## [Task instructions]
Everything from the line containing "Loverboy Bad Boy" to the last line of the listing below should be restated exactly, both ends included, with nothing added and the pictures omitted.

## [Provided material]
::::::
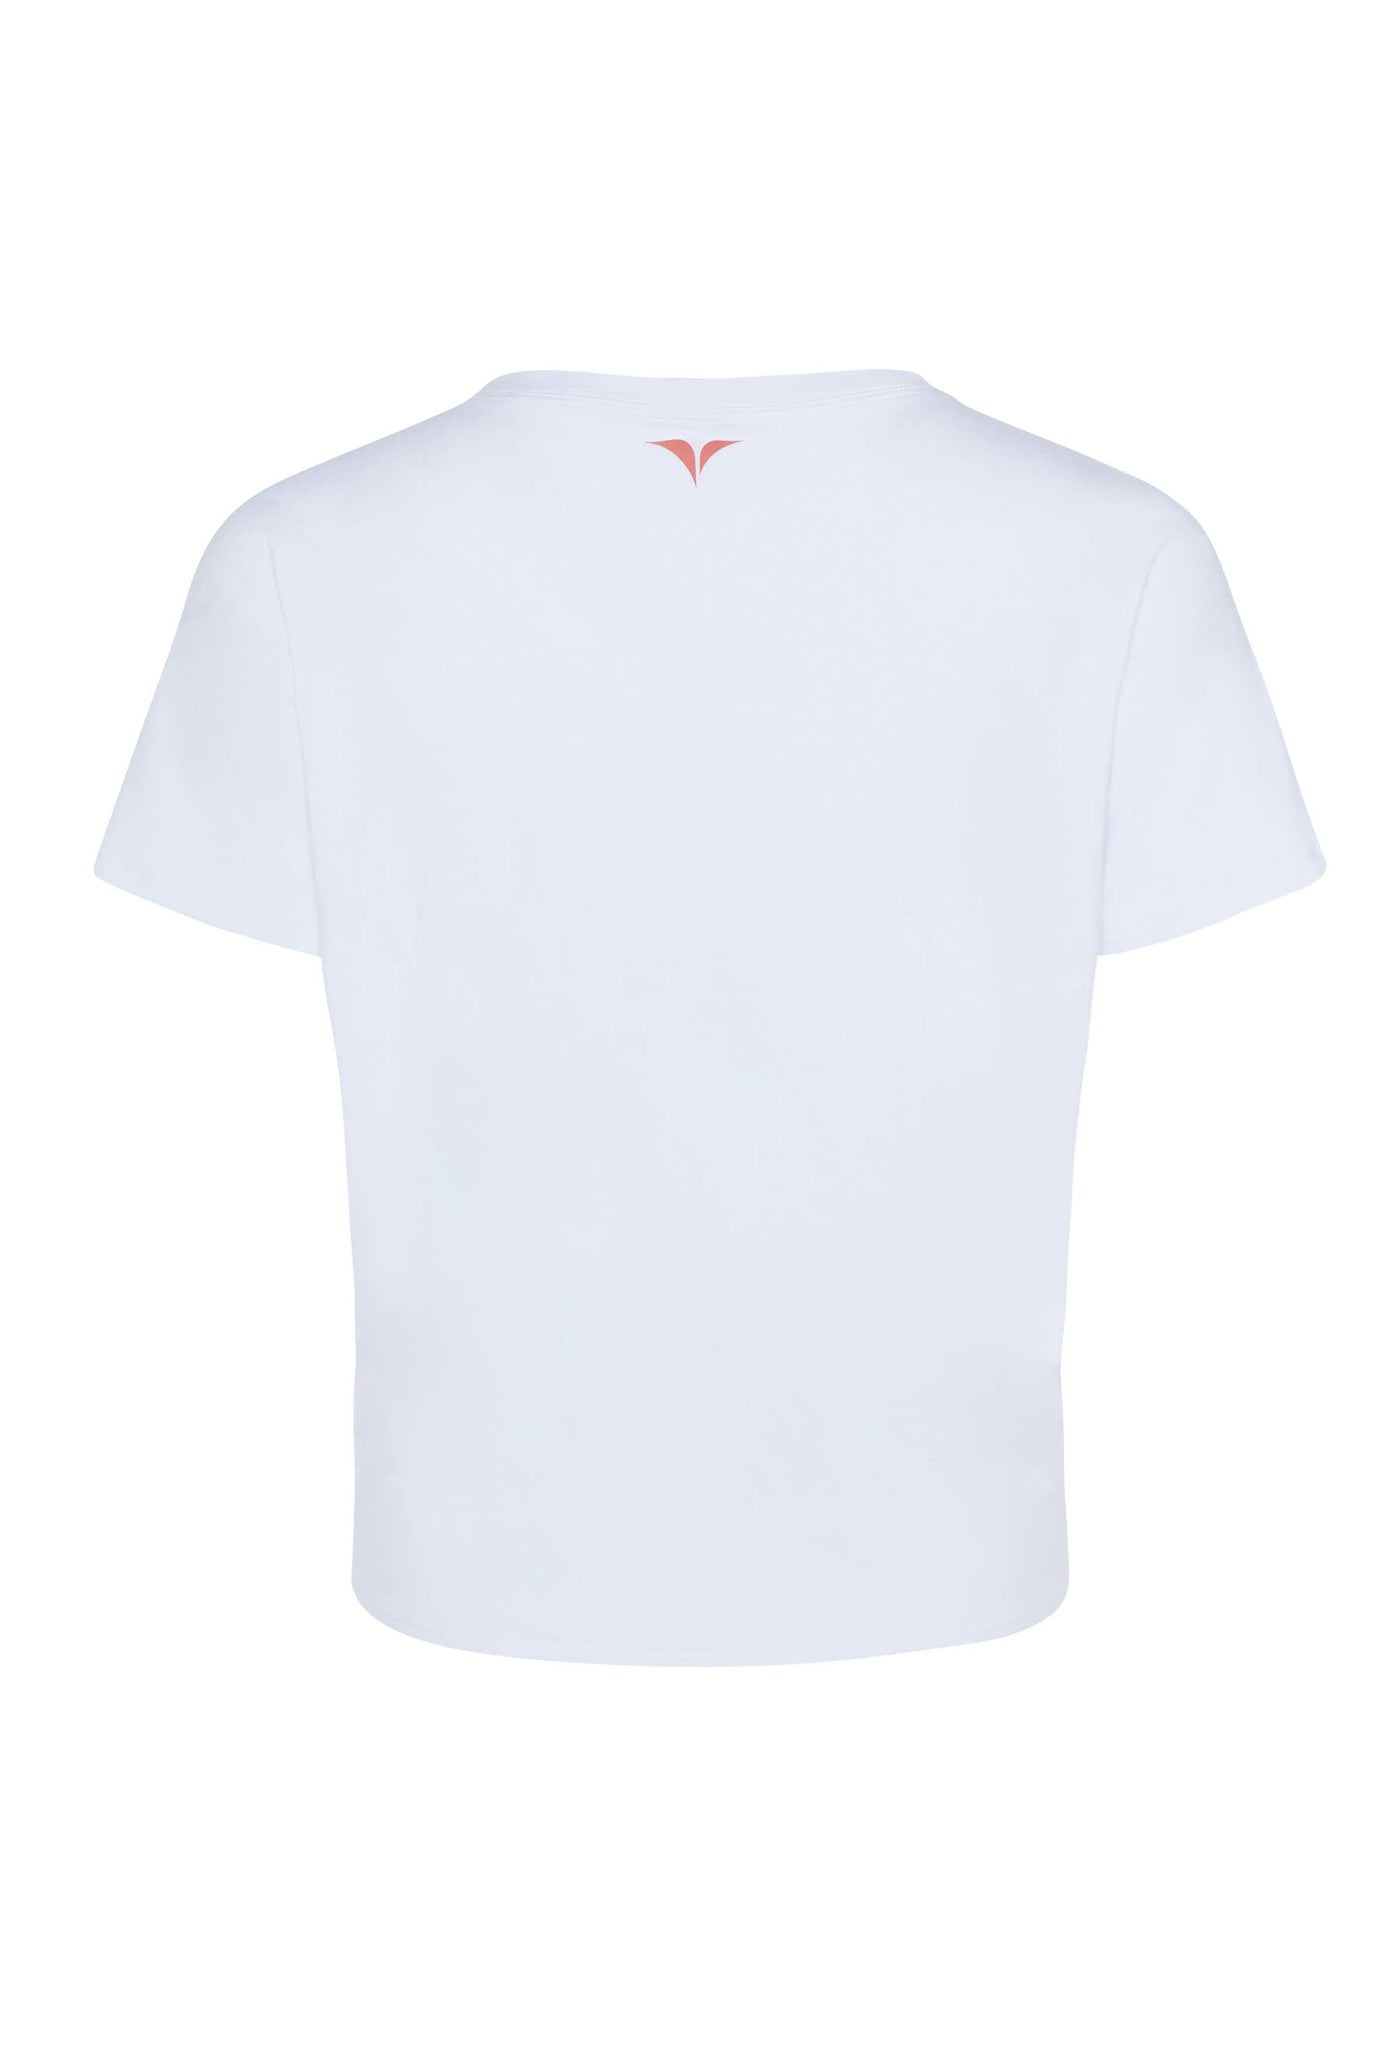 Noa - T-shirt imprimé et noué à l’avant blanc
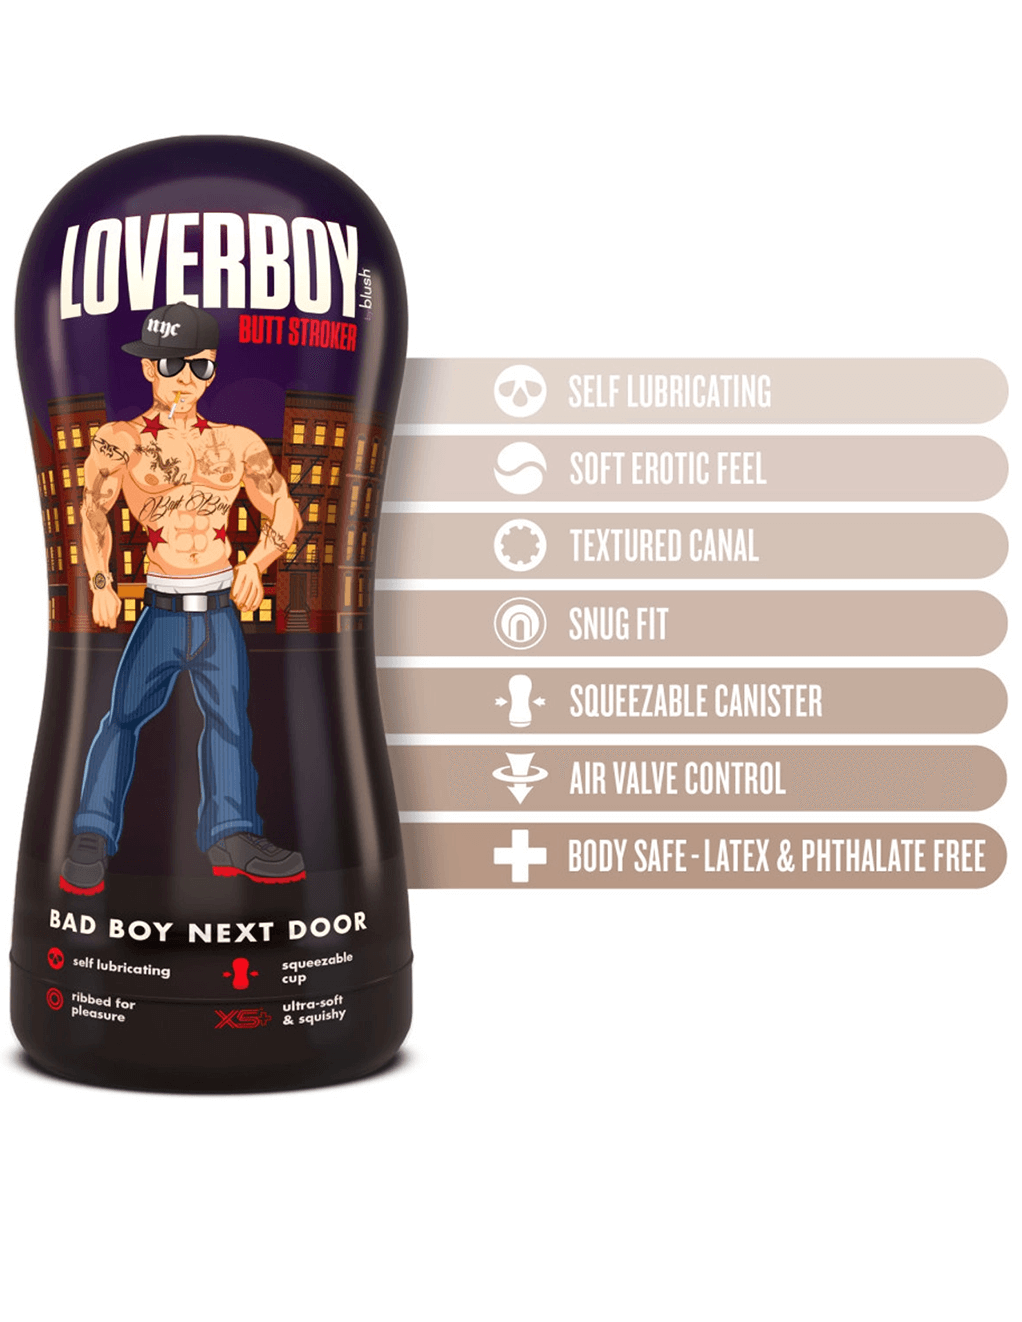 Loverboy Bad Boy Next Door Self Lubricating Stroker - Specs
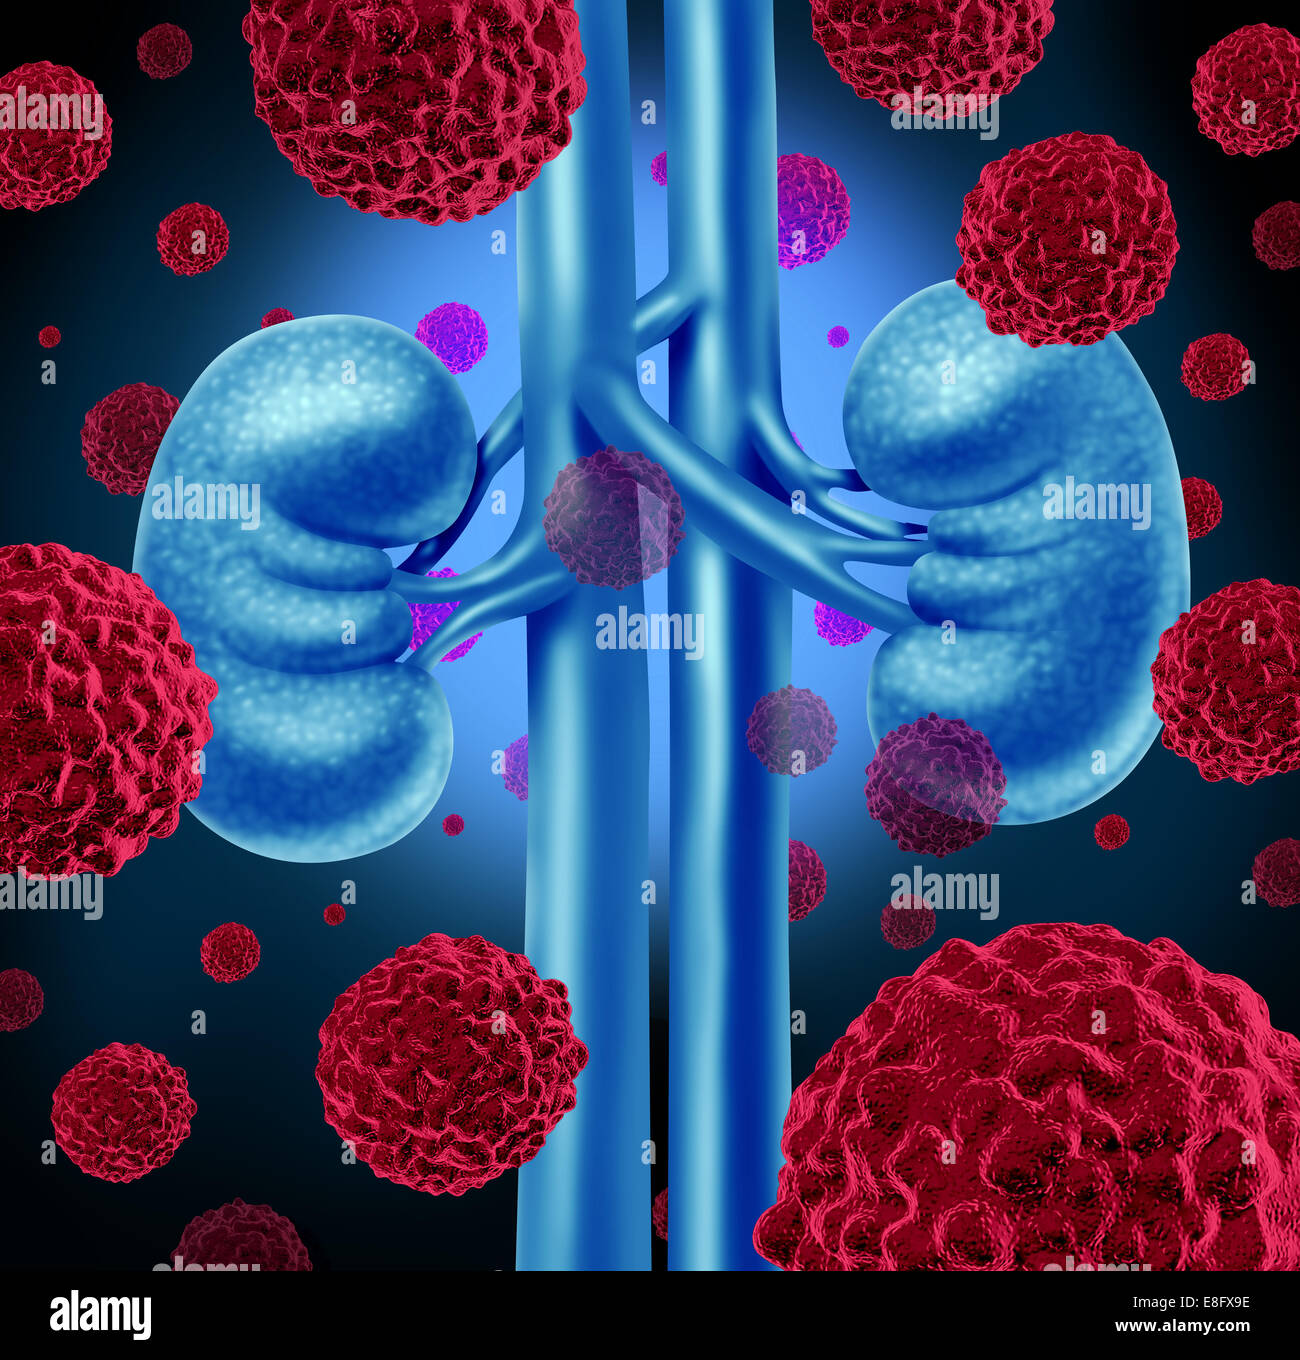 Il cancro del rene concetto medico come le cellule cancerose in un corpo umano che attacca il sistema urinario e anatomia renale come un simbolo per Foto Stock
::::::
## [Exercise response]
 Loverboy Bad Boy Next Door Self Lubricating Stroker - Specs
 Il cancro del rene concetto medico come le cellule cancerose in un corpo umano che attacca il sistema urinario e anatomia renale come un simbolo per Foto Stock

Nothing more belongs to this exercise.